Joel made his operatic debuts as a boy treble at the Royal Opera House, English National Opera and Glyndebourne, playing Cobweb in Britten’s A Midsummer Night’s Dream, one of Die Zauberflöte’s Drei Knaben, and peasant-child in Puccini’s Turandot. In oratorio he performed as the boy-king Joas in Handel’s Athalia with Paul McCreesh and toured with the Monteverdi Choir and Sir John Eliot Gardiner.

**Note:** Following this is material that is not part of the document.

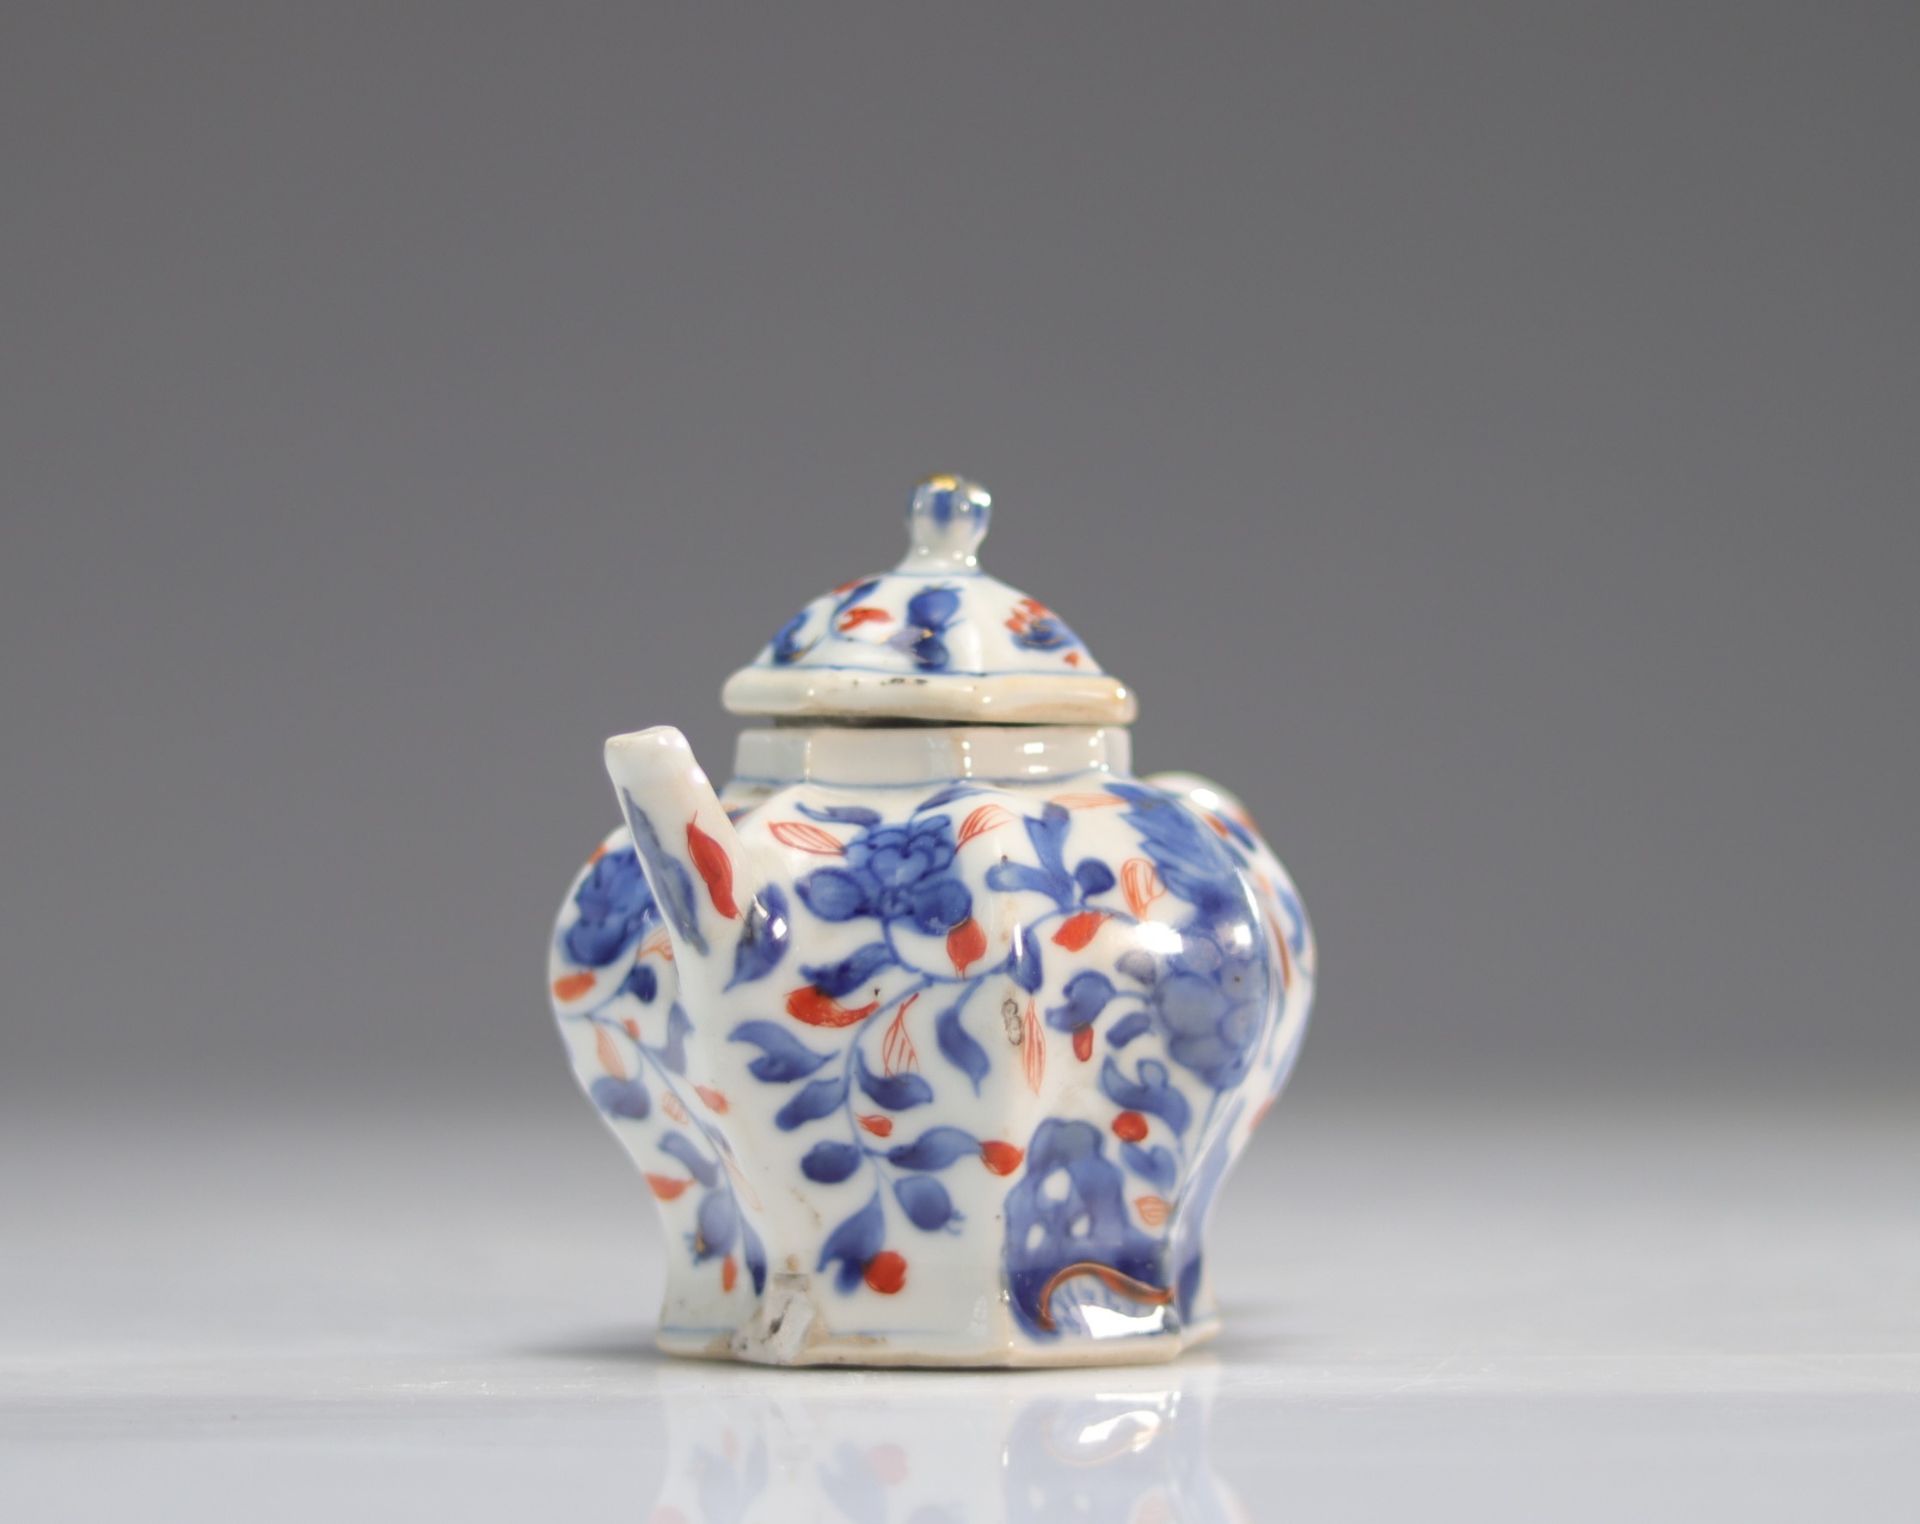 Kangxi period teapot - imari export - China - Image 4 of 5

In concert, he has performed Stravinsky’s Renard at the Prinzregententheater Munich and Threni with the London Philharmonic Orchestra, both conducted by Vladimir Jurowski, Cilea’s Adriana Lecouvreur at the Verbier Festival, conducted by Valery Gergiev, Mozart’s Requiem with the Noord Nederlands Orkest, Gerald Finzi’s Dies Natalis with EuropaMusicale Festival Strings in Munich, Verdi’s Otello (Act One) with the Cambridge University Musical Society conducted by Richard Farnes, Pärt’s Passio with the Choir of King’s College Cambridge conducted by Stephen Cleobury, Bach’s St John and St Matthew Passions with Merton College Choir, Oxford, Handel’s Messiah with Bedford Choral Society, as well as performances throughout the UK of Mozart’s Requiem and Cavalli’s Magnificat, Haydn’s Creation, Handel’s Acis and Galatea, Vivaldi’s Magnificat and Gabrieli’s In Ecclesii. As a member of the Choir of King’s College Cambridge, Joel took part in numerous international tours, recordings and radio and television broadcasts.

As recitalist he has appeared at the Oxford Lieder Festival, Leeds Lieder, the Barber Institute at Birmingham University, the Leeds University International Concert Series, the Victoria Rooms in Bristol and at Wigmore Hall, broadcast live on BBC Radio 3.

Joel is the recipient of the Somerset Song Prize, the Sir Anthony Lewis Memorial Prize, the Sidney Sussex Lieder Competition, second prize in the Maureen Lehane Vocal Awards, and third prize in the Brooks-van der Pump English Song competition and the Joan Chissell Schumann competition. He was a Pembroke Lieder Scholar with Joseph Middleton and a finalist in the 2019 Royal Overseas League Competition.

There’s not a weak link to be heard, but woodland laurels are shared between Timothy Morgan’s rhetorical Oberon, every phrase coaxed into thoughtful musical shape, Harriet Eyley’s full-blooded Tytania and Joel Williams’s radiant Lysander, who all give the pros up the road at the Coliseum a run for their money.
— Alexandra Coghlan | The Spectator
Joel’s elegant tenor was total pleasure
— Peter Reed, classicalsource.com
All the cast turned in outstanding performances. All of the voices sparkled in the Britten Theatre... Special mention to Joel Williams for a well-observed and brilliantly obsequious Mr Upfold, brimming with awkward mannerisms belying a darker secret.
— Jon Jacob, thoroughlygood.me
The voices complemented each other perfectly – [Edward] Grint warm and mellifluous, [Thomas] Hobbs bright and edgy – and when they were joined by Joel Williams, the tenor Evangelist, for the trial before Pilate, the variance in timbres created a sublime example of minimalist contrast.